I put down Mrs CR's chart and dialed my answering machine. It was my father-in-law, telling me he had loved my short story, "The Kite Runner," but wished it had been longer. At some point between the instant I put down the receiver and the moment I knocked on the door to tell Mrs CR about her diabetic nephropathy, a seed planted itself in my mind: I was going to turn "The Kite Runner" into a novel.

And so it began. For the next 15 months, I tapped away at the keyboard. I created a troubled, 12-year-old boy named Amir, the privileged son of a wealthy Pashtun merchant living in Kabul, Afghanistan, circa 1975, and his angelic friend Hassan, a minority Hazara and the son of Amir's crippled servant. I developed a deep and unusual friendship between the boys, only to make Amir betray Hassan in an unspeakable way. I shattered the boy's lives. I watched the brutalised Hassan pay the price for his guileless devotion to Amir, and watched Amir grow into a brooding, haunted, guilt-ridden man in the USA. Then I sent Amir back to Kabul, now ruled by the Taliban, on one last desperate quest for redemption. In June, 2002, The Kite Runner was completed.

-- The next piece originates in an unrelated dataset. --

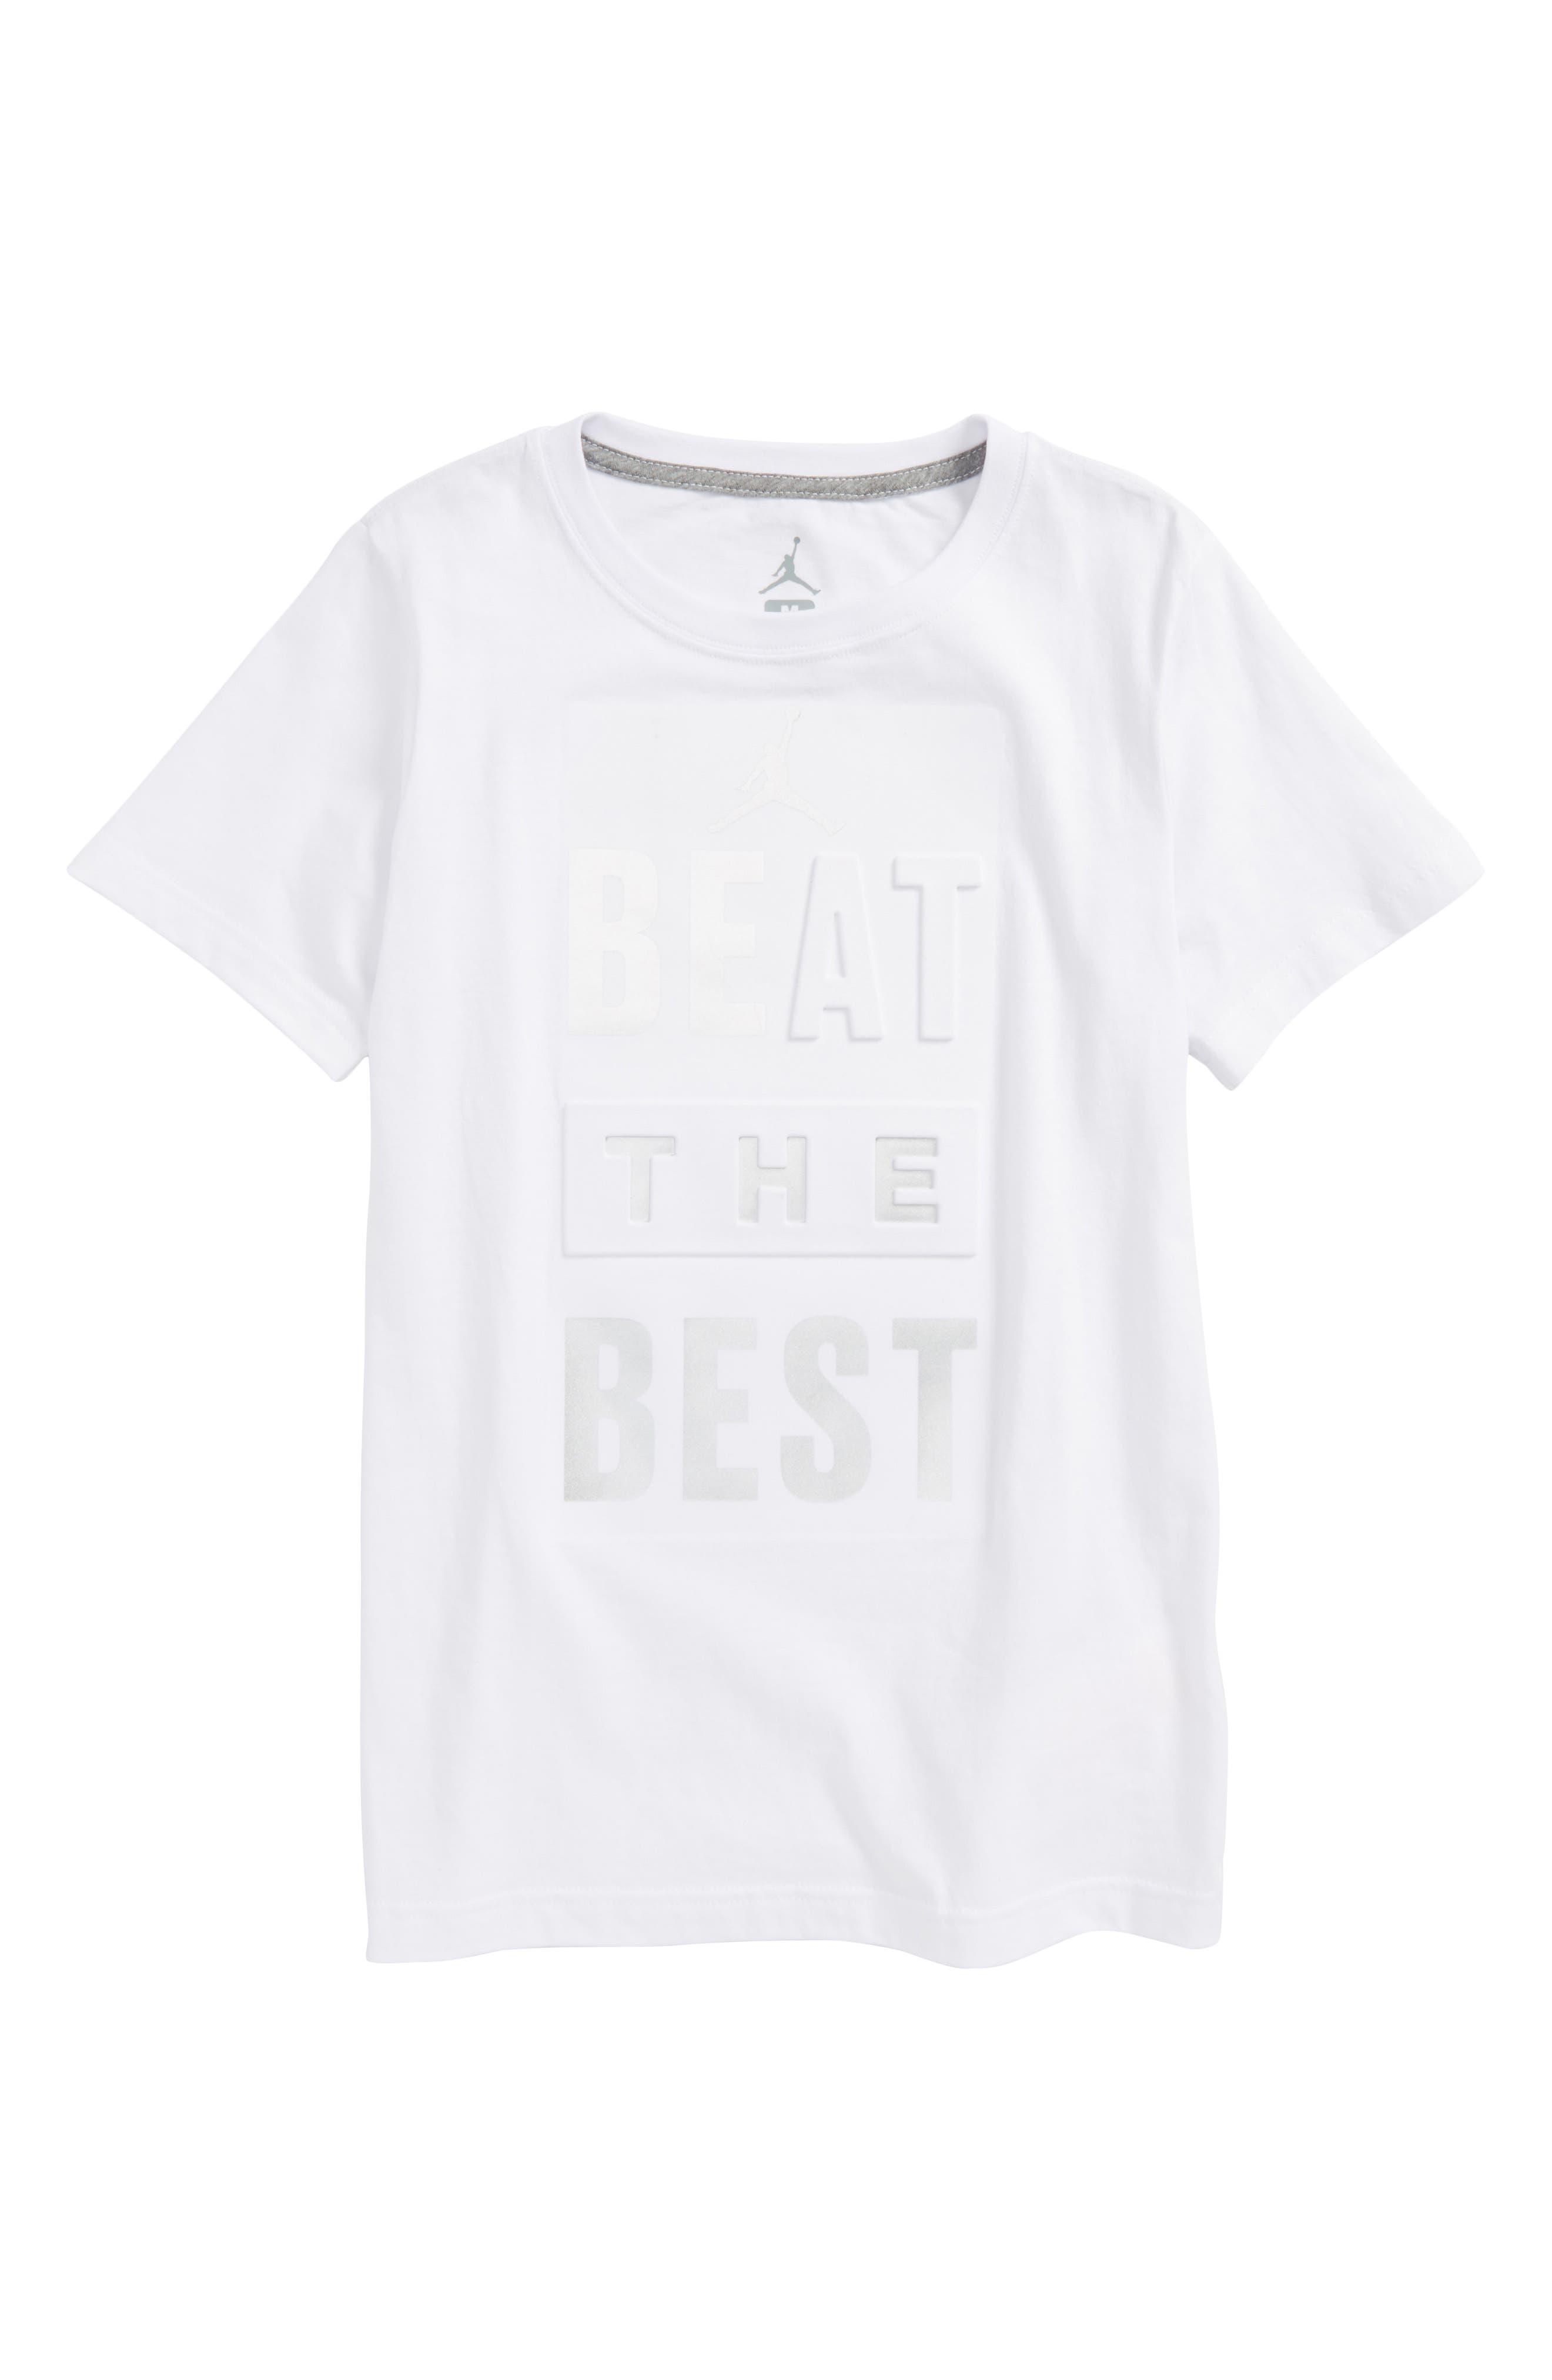 Jordan Beat the Best Graphic T-Shirt,                             Main thumbnail 1, color,                             White

And if there is one thing we doctors have been trained for, it's getting by with less than ideal hours of sleep. So for 15 months, I woke up at 0500 h, drank cupfuls of black coffee, and created the world of Amir and Hassan. Luckily for me, the soulful early morning hours coincided with my creative time.

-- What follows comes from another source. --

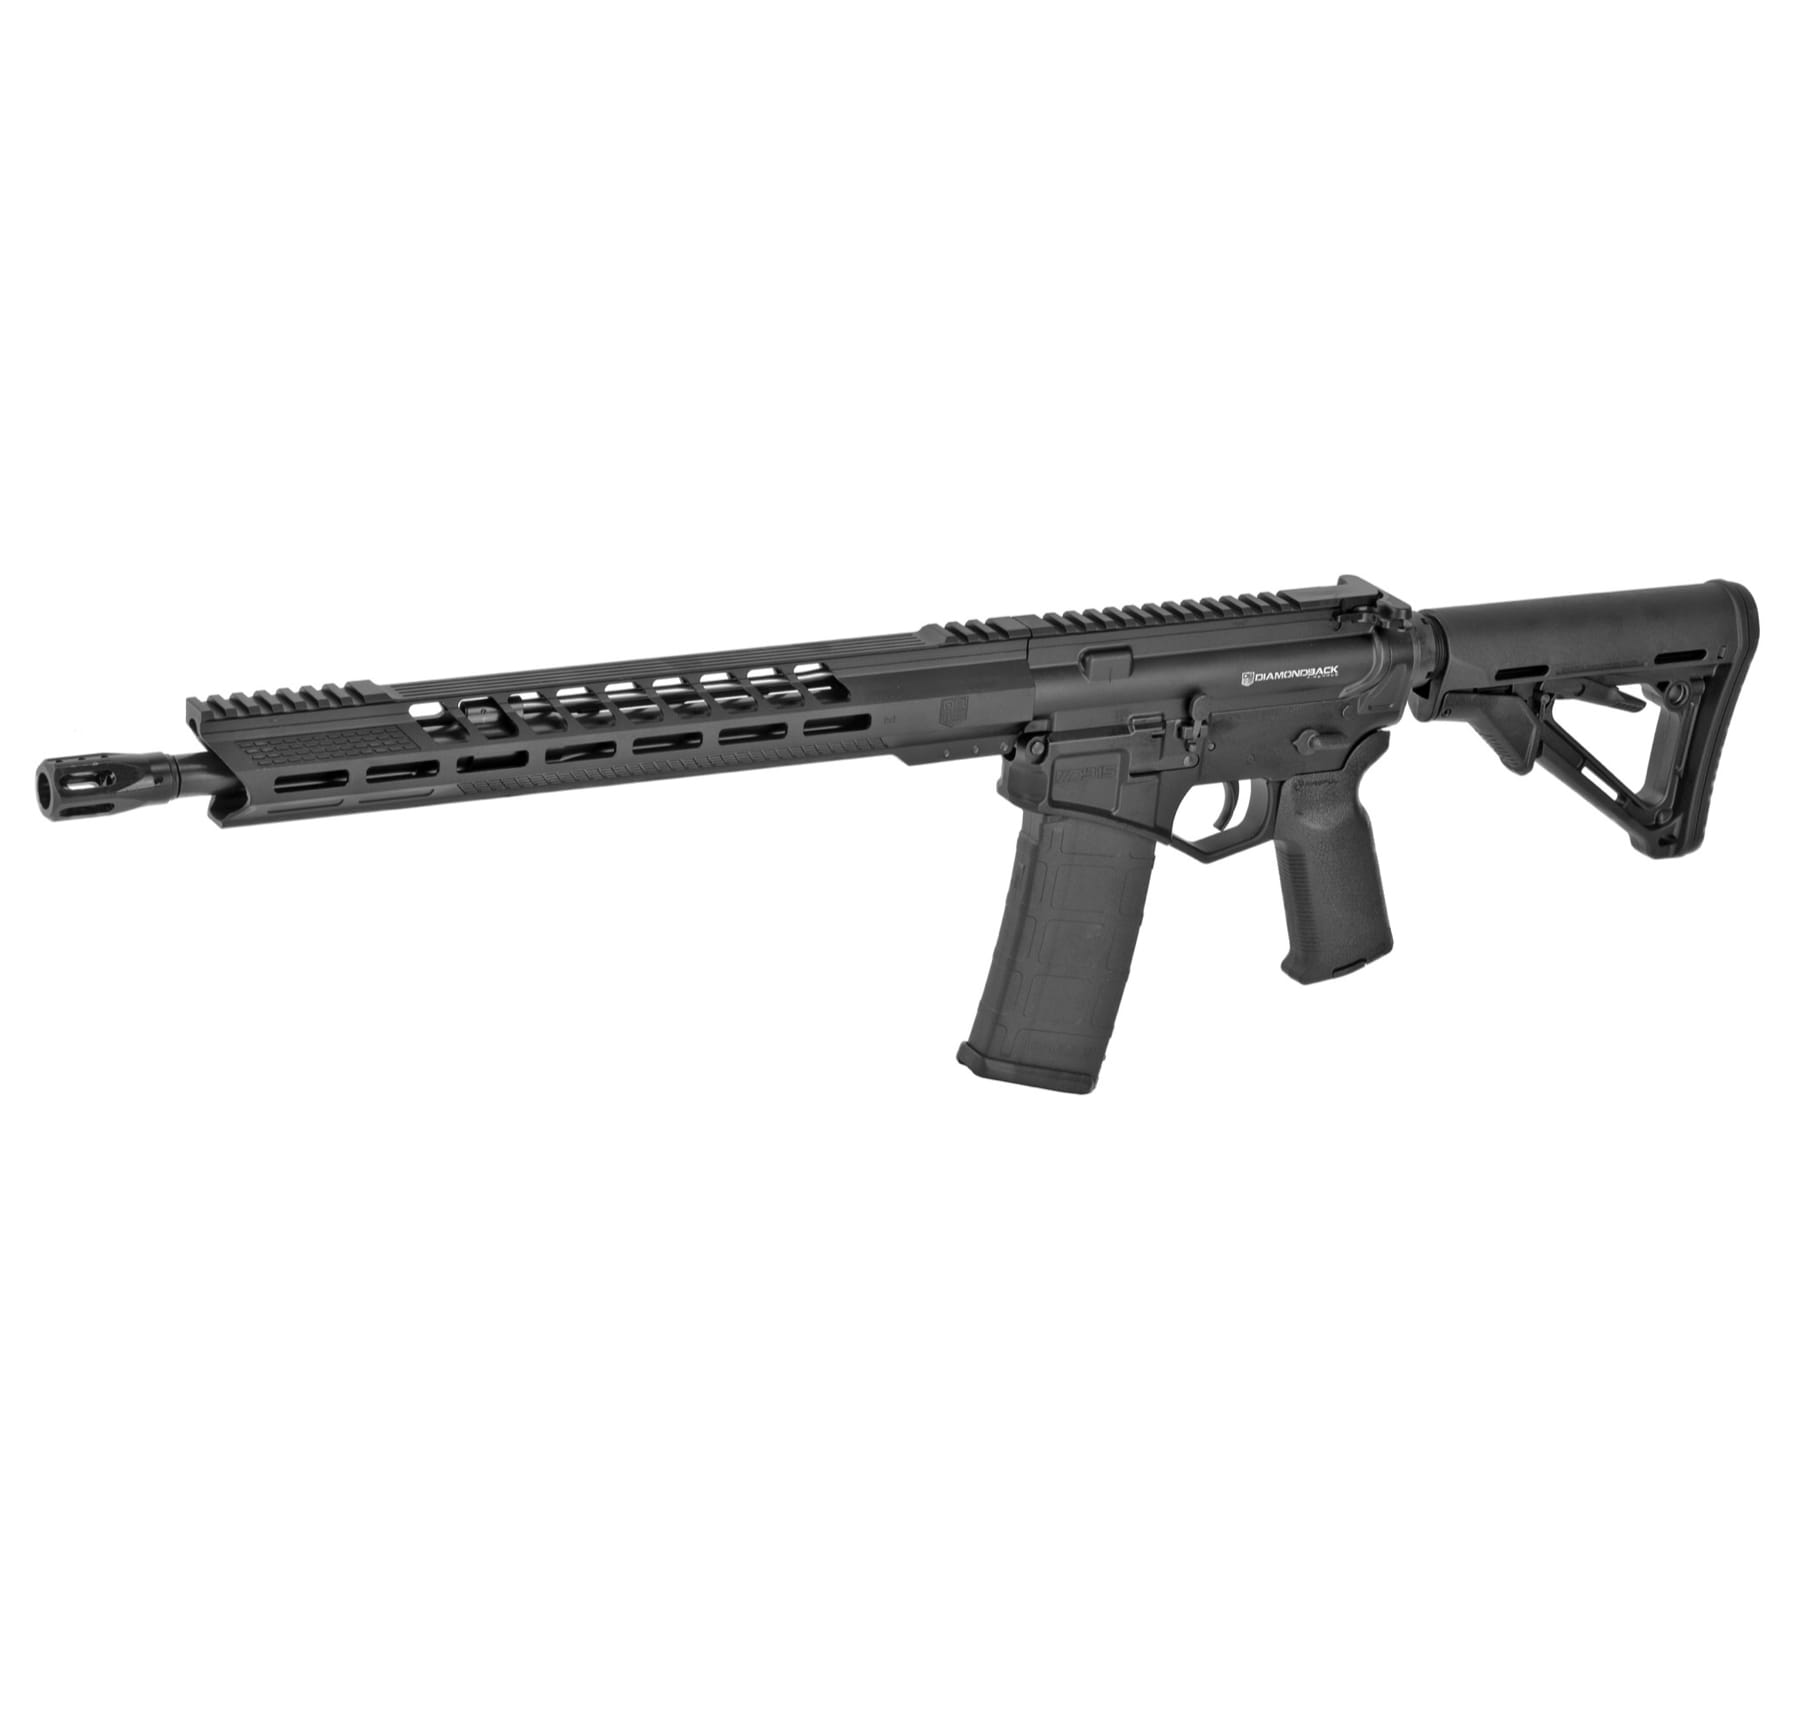 DIAMONDBACK DB15 Tactical V-Rail AR-15

A writer, like a doctor, has to be a good listener and observer. Whereas a doctor listens to learn about his or her patient, a writer listens and observes to learn about nuances of dialogue, body language, and the peculiar verbal and non-verbal ways in which people express themselves. My medical practice provides me with ample opportunity for this sort of observation, since in a typical working day, I sit and listen to some 20 stories, all told in unique voices. I listen to them as a doctor and observe them as a writer. Furthermore, it's essential in both crafts to develop some insight into human nature. Writers and physicians need to understand to some extent the motivations behind behaviour and appreciate how such things as a person's upbringing, their culture, their biases, shape that person, whether it be a patient or a character in a story.